Friday, May 9, 2008

The Great American Road Trip (Including Parts of Canada!) Part 2

I like cops.  I grew up on Chips for gosh sakes.  And who hasn't watched the show Cops and said a little thank you to whoever you do or do not pray to?  And um, hello?  Reno 911?  The. Best. Show. Ever.   But I've learned I don't like "Park Rangers," specifically Crater Lake's Park Rangers.  Meaning one of Crater Lake's Park Rangers is an ass.  

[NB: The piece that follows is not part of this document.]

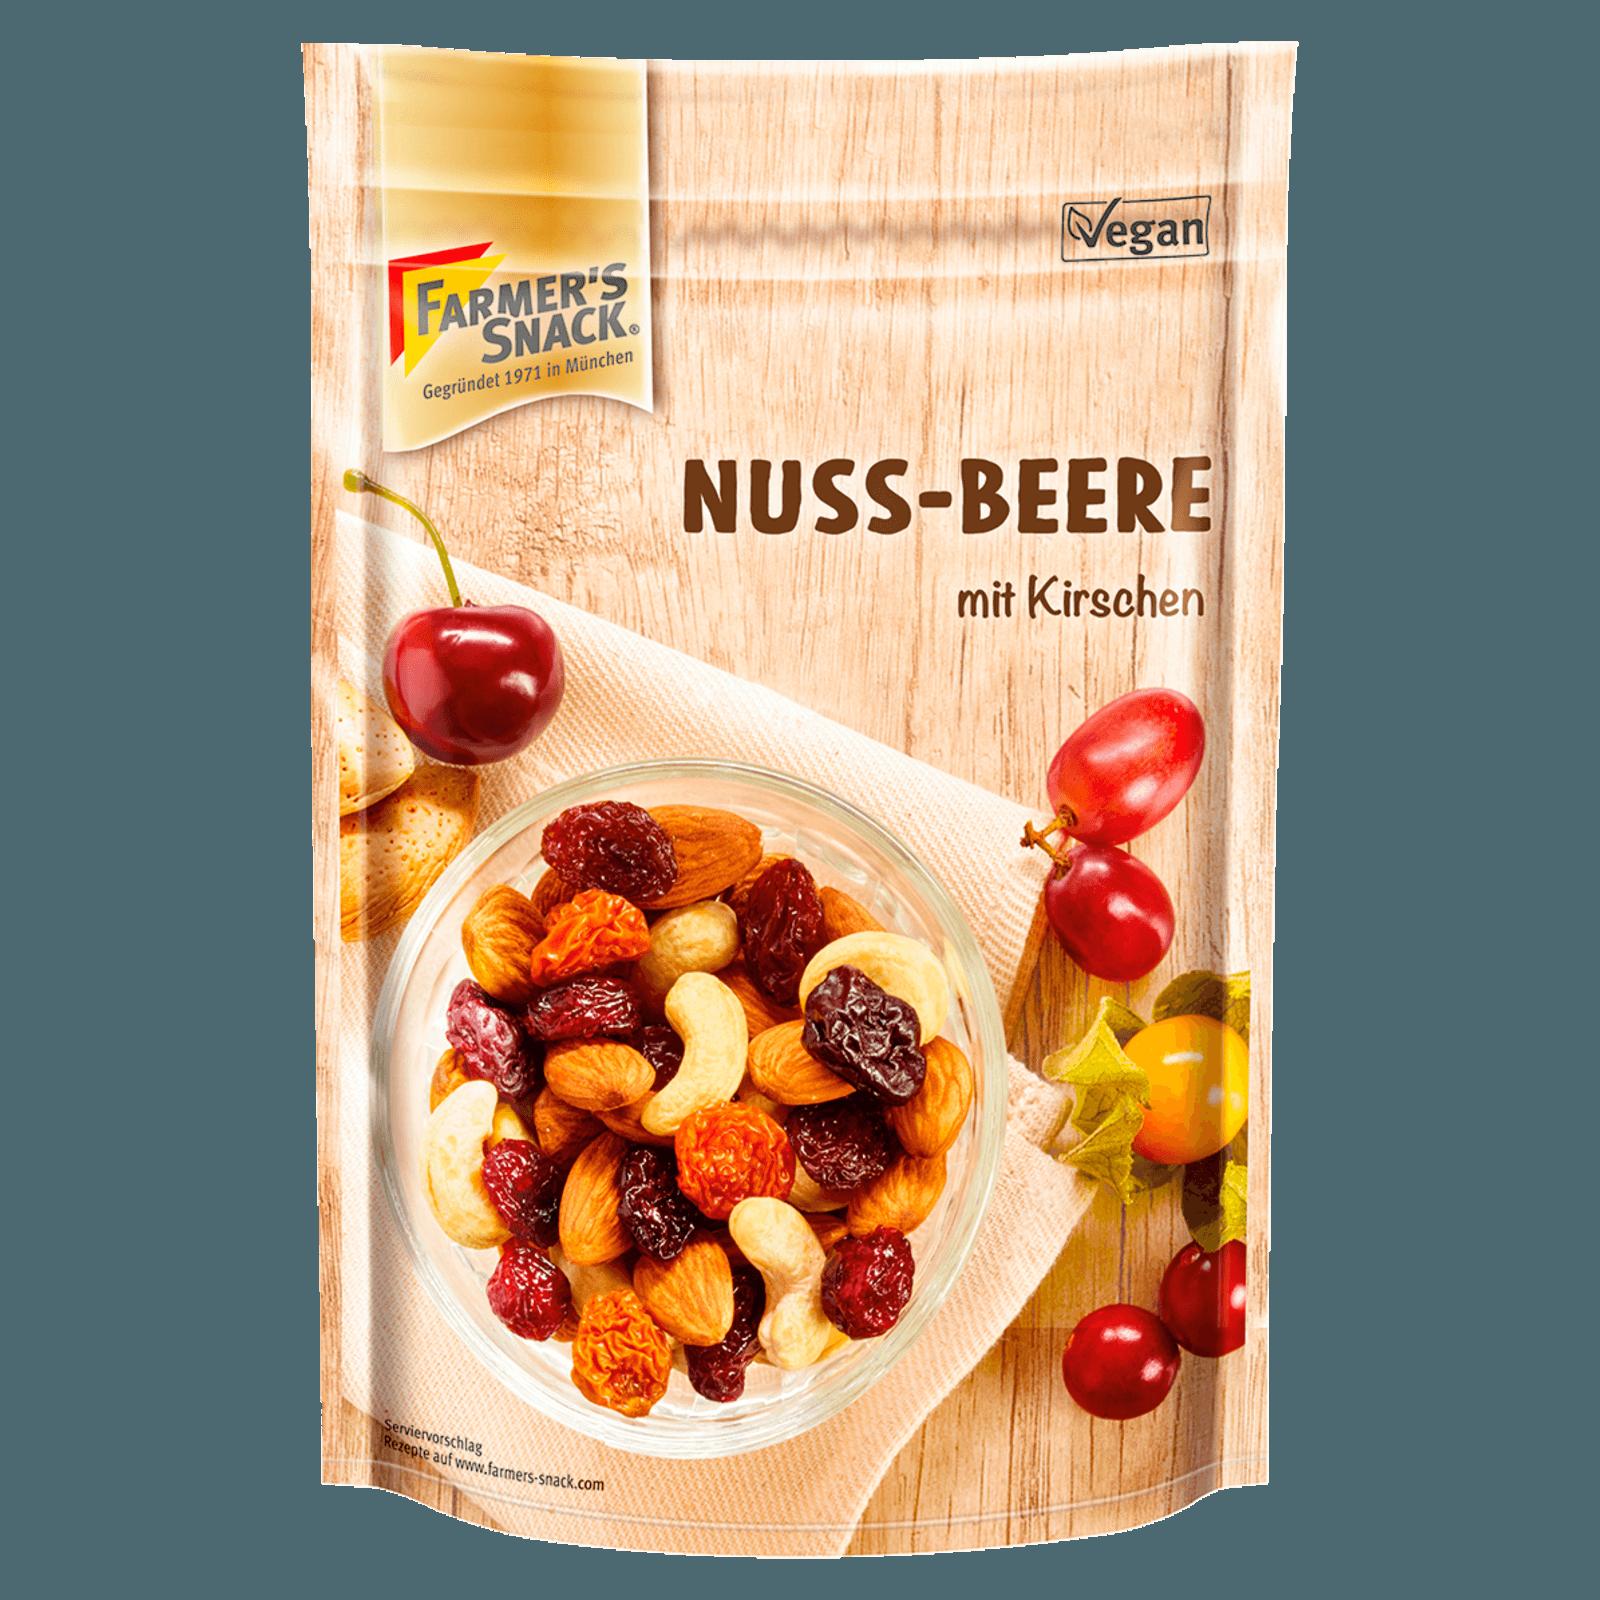 Farmer's Snack Nuss-Beeren mit Kirschen 175g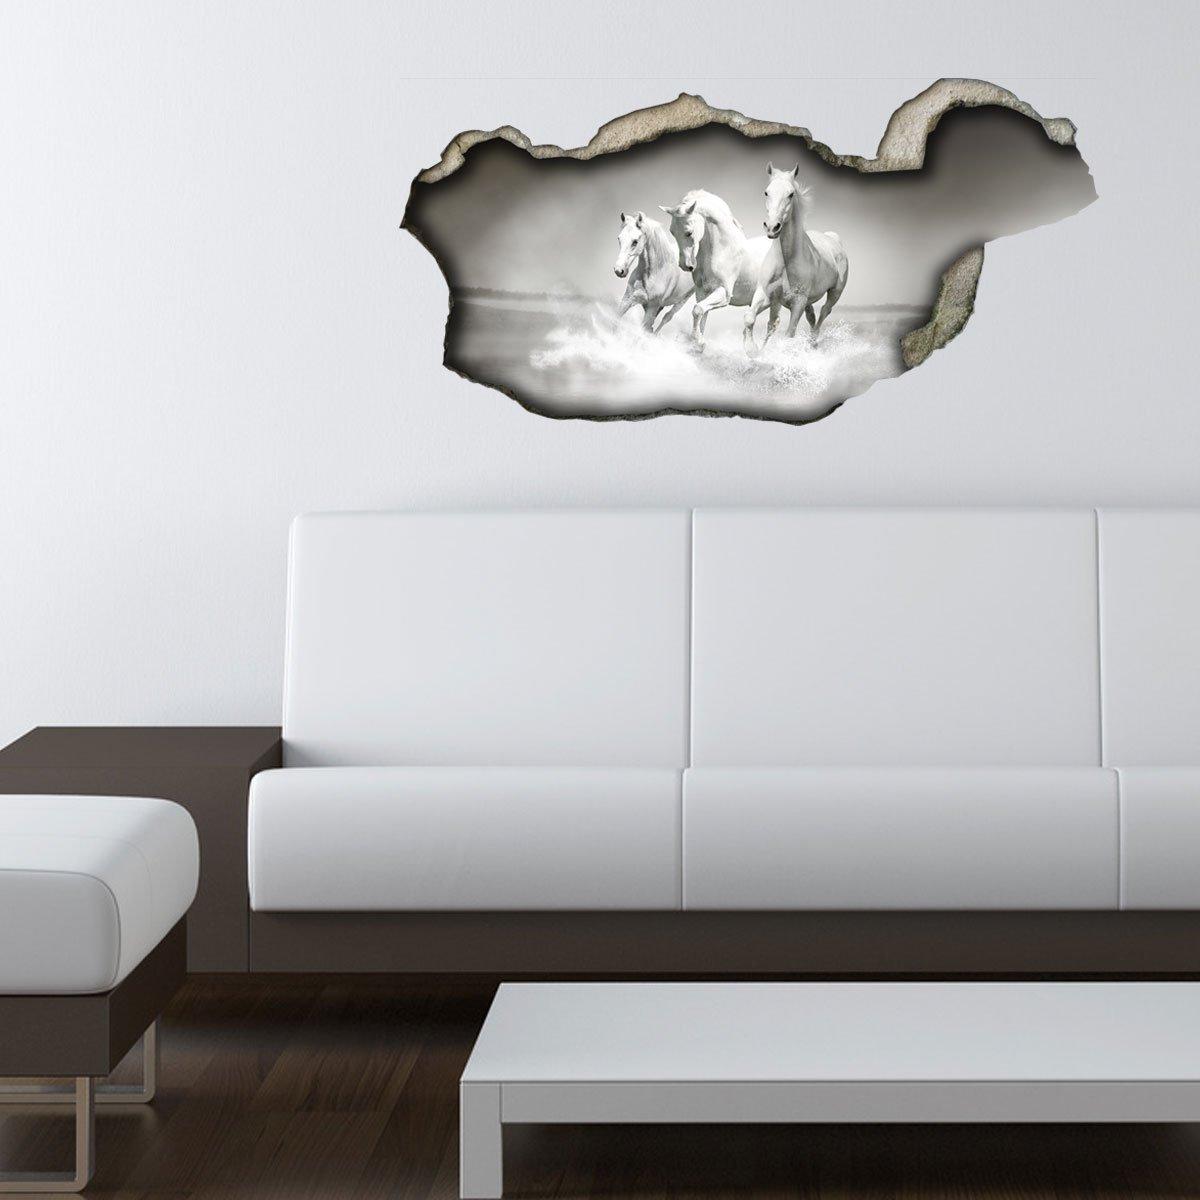 wanddeko kche full size of wohndesign unglaublich. Black Bedroom Furniture Sets. Home Design Ideas

So the eight of us decided to take a road trip.  And back then we didn't have Mapquest or Google.  My analog cell phone weighed a good 2 pounds and had a battery pack the size of Kansas.  There may have been the Weather Channel, but we were too busy watching Friends and ER to pay attention.  So we didn't check the weather.  And on our first day?  We intended to leave Sacramento at at 8 a.m. but actually left at 5 p.m.  I had no idea how these two themes--delays and the weather--would plague us.

At 21, I considered myself a relatively responsible and prepared person.  I had a job at a bank, shared a house with friends and got good grades.  However, I think my level of preparation on this trip was:  Flannel shirt?  Check.   Pillow?  Check.  Books?  Check.  I'm ready!  There may have been a grocery store run for chips, candy and Top Ramen, but even that's debatable.  I think my "hiking" shoes were my Birkenstocks, which for the record were TOTALLY cool back then.  And I know it never occurred to me that maybe the cabin in Yosemite that I had been used to growing up, was not exactly what we were heading for.   I was 21!  I was going on a road trip with my friends!  It was summer!  Woo hoo!

The first "day" of our trip was supposed to be spent at Crater Lake--we'd wander around, camp and cook some delicious meal around a roaring camp fire with food and fire wood that ... I was sure someone else must have totally had covered.

The first "day" of our trip?  We ended up sleeping in a parking lot.  Literally in a parking lot.  On the cement.  With a tarp over us to keep the ICE off our sleeping bags.  Why you ask?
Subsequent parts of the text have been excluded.